----- Dataset records

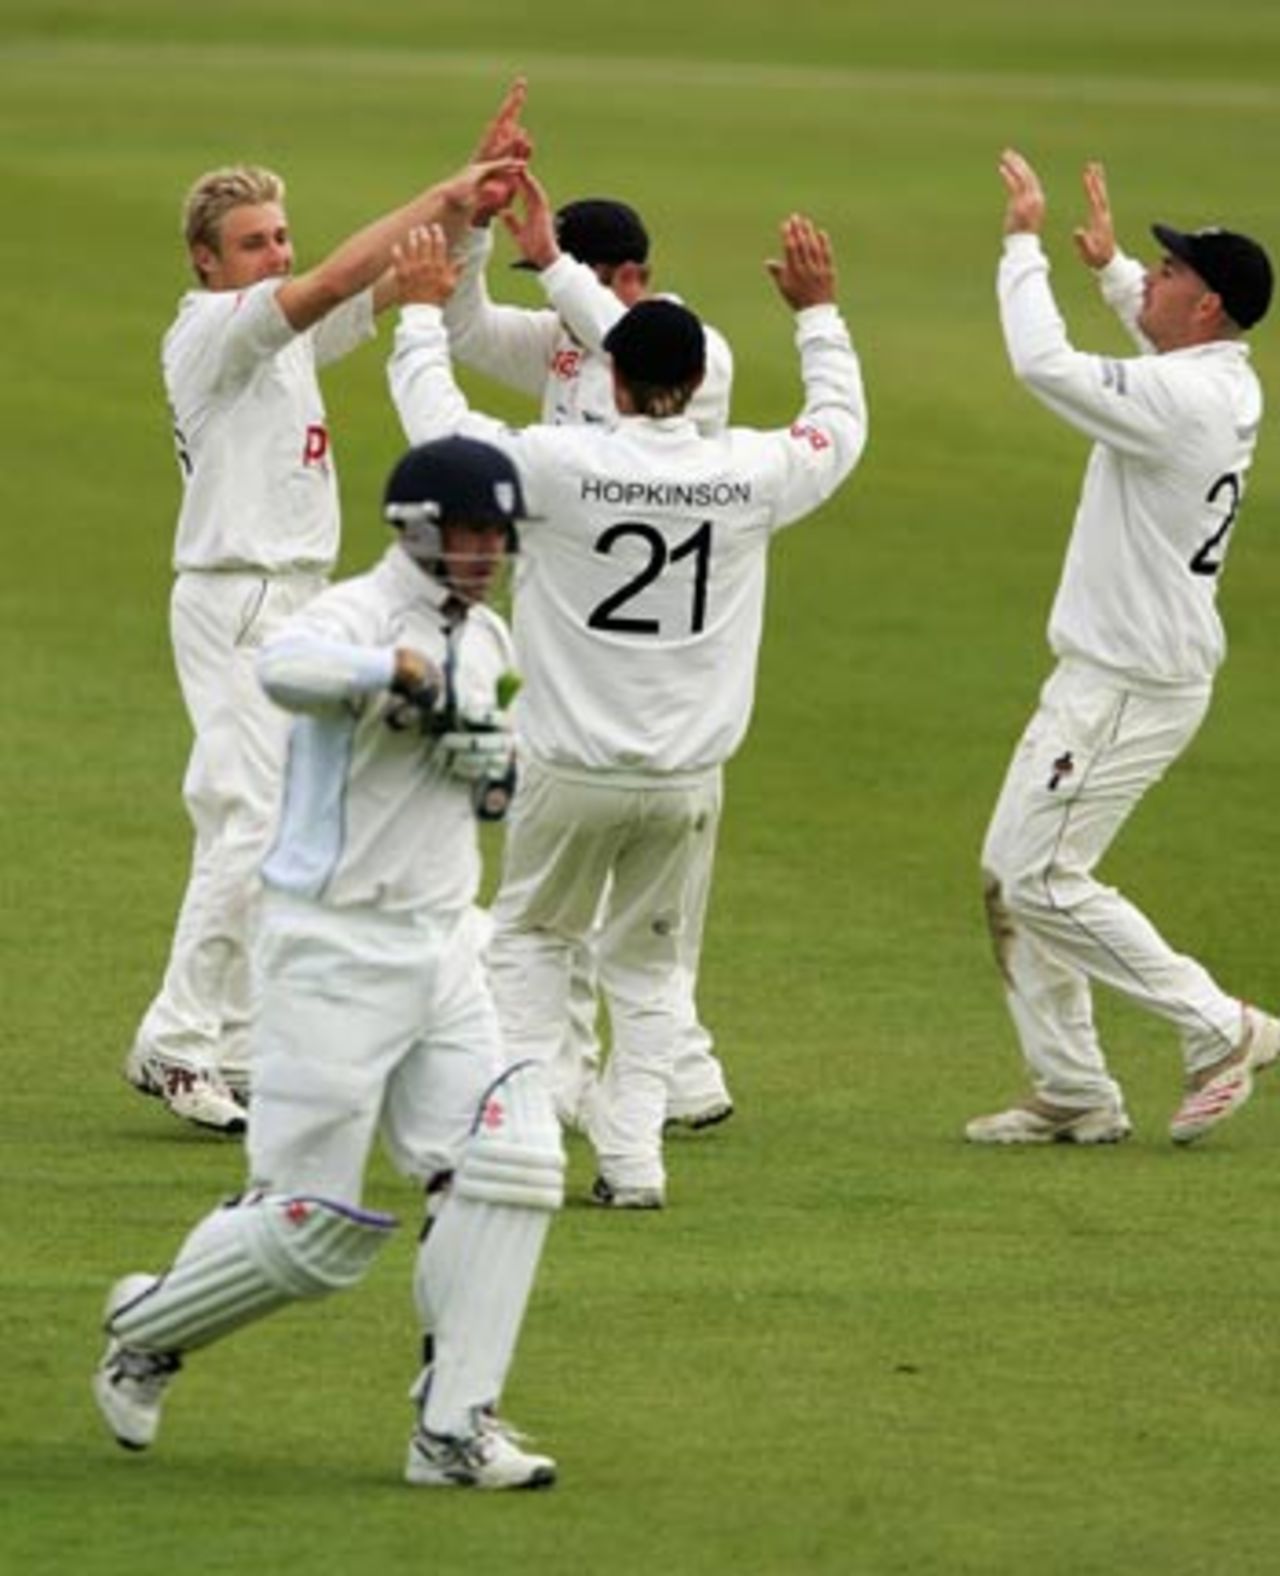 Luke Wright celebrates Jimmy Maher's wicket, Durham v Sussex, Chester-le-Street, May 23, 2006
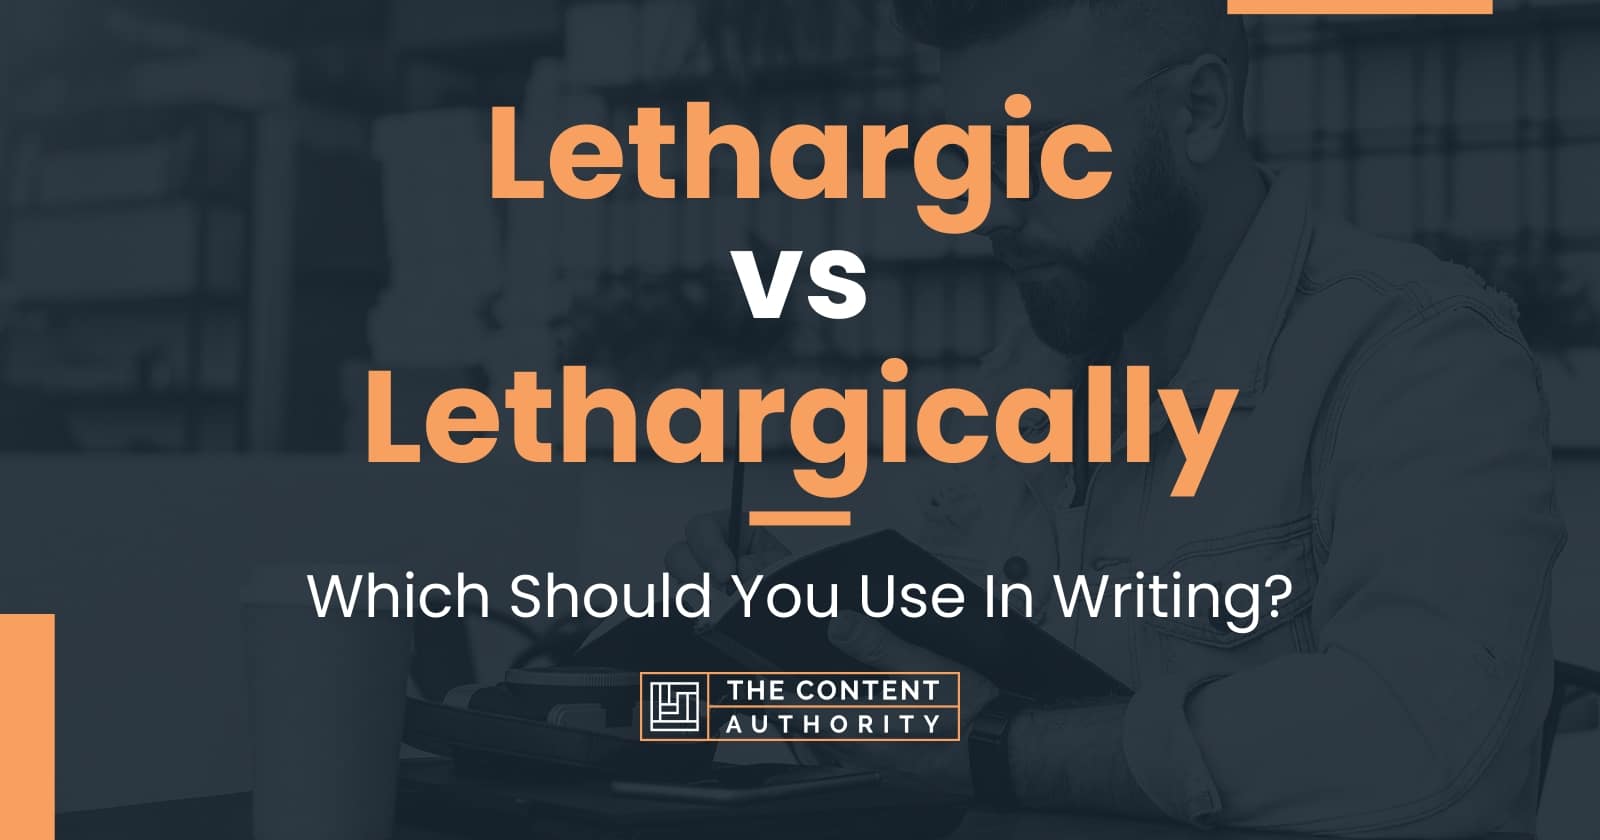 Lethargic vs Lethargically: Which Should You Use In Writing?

----------
----- Dataset records

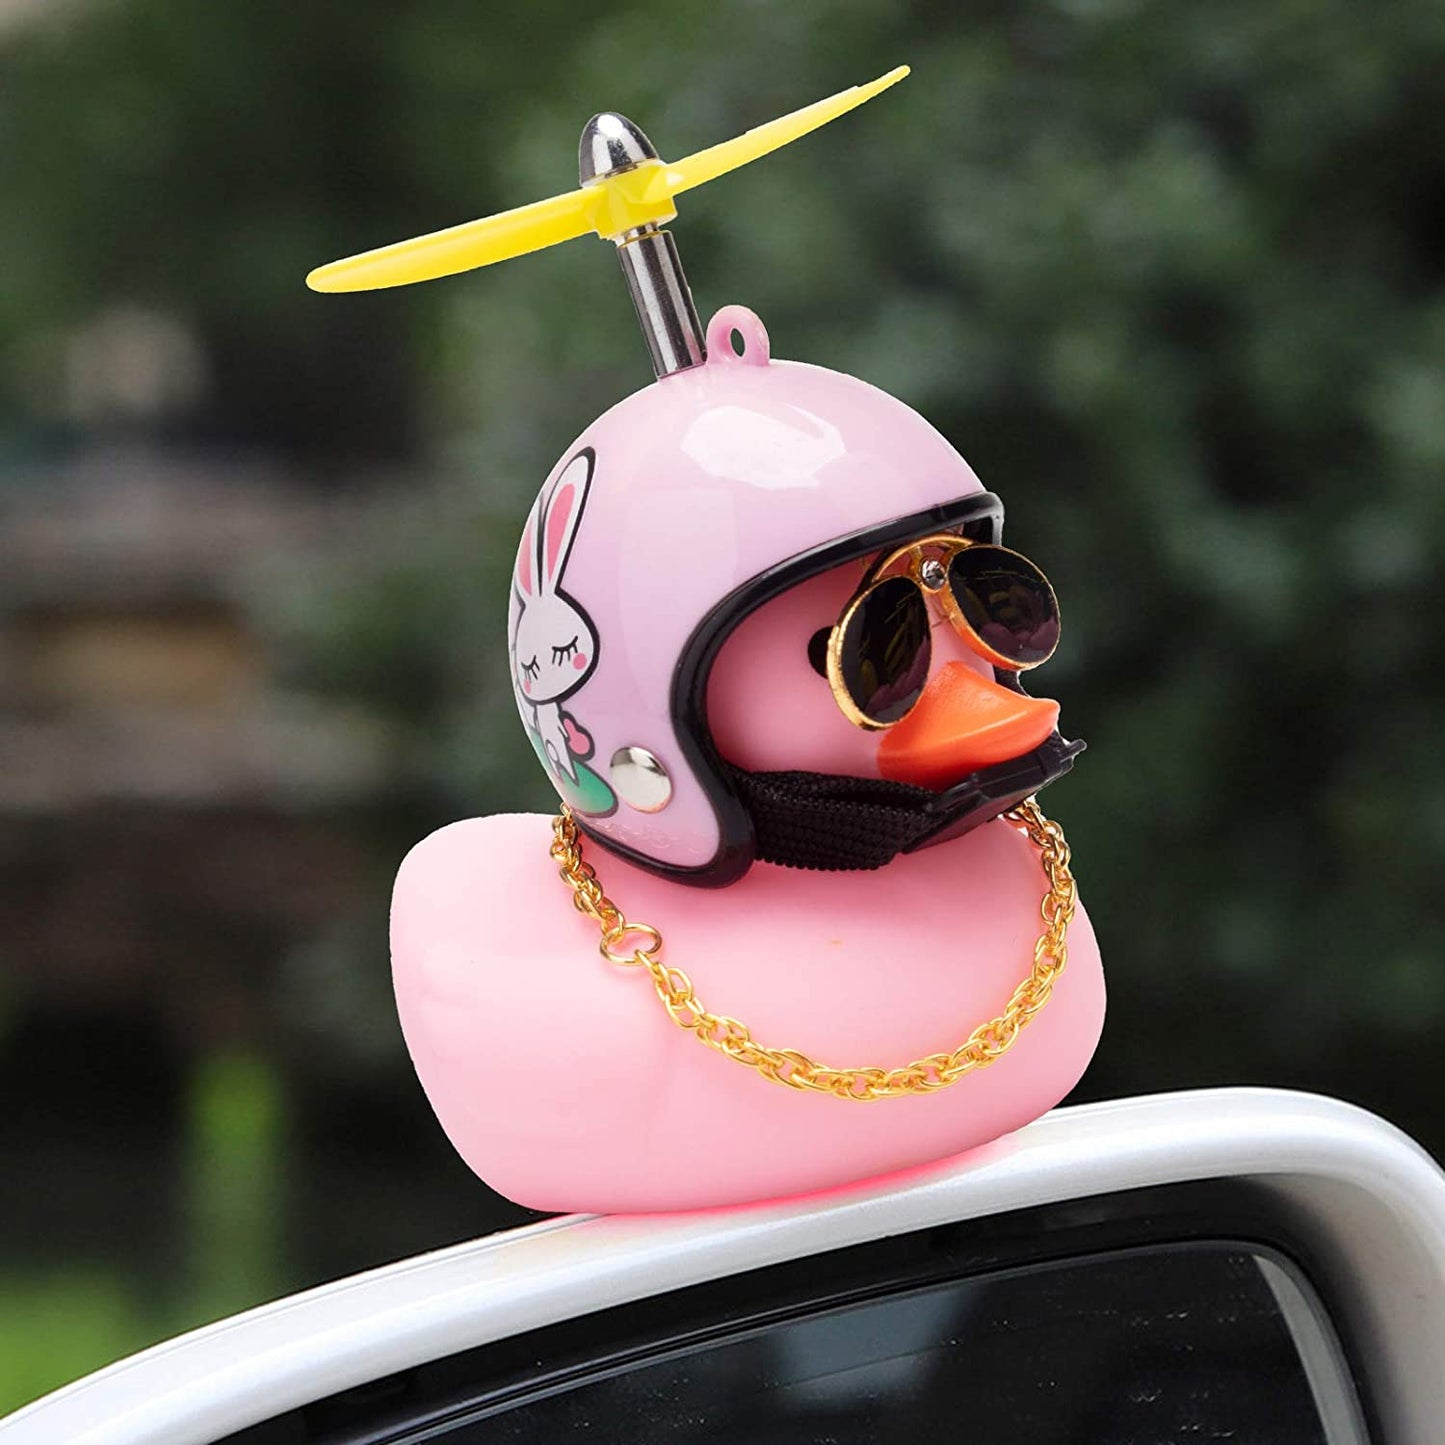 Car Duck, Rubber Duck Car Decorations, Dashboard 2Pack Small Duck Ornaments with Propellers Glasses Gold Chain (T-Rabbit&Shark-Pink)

----------
----- Dataset records

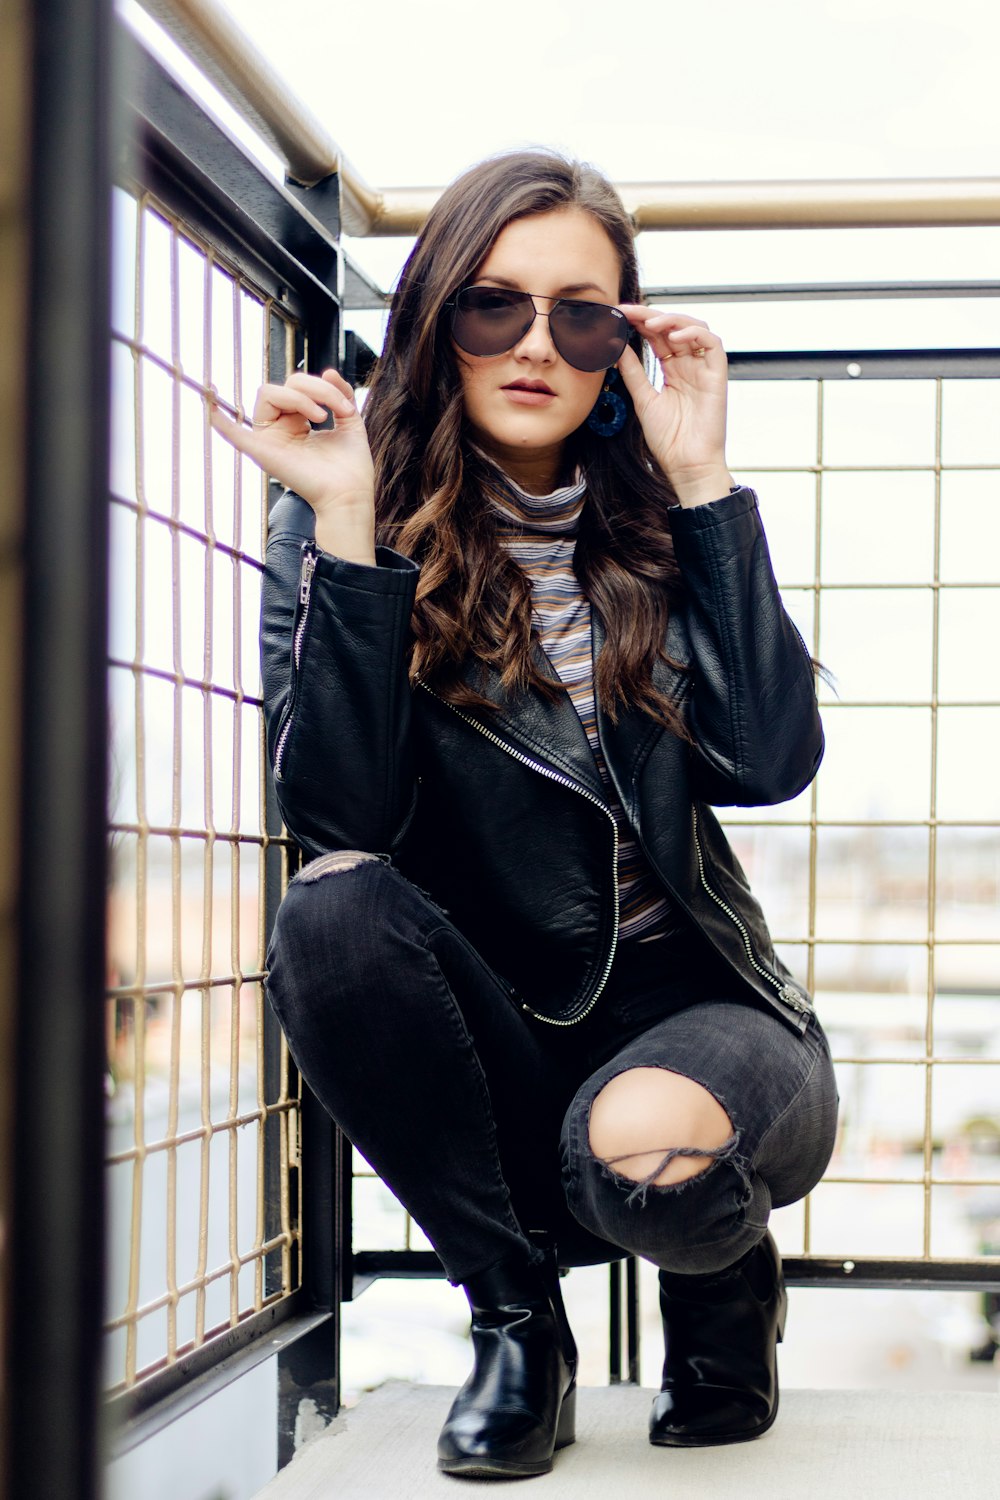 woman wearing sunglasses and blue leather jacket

----------

» What to work on
The lines to reproduce run from the one above containing "Luke Wright celebrates" through the one containing "Lethargic vs Lethargically: Which". Copy them exactly and leave out all pictures.

» Answer space
 Luke Wright celebrates Jimmy Maher's wicket, Durham v Sussex, Chester-le-Street, May 23, 2006
 Lethargic vs Lethargically: Which Should You Use In Writing?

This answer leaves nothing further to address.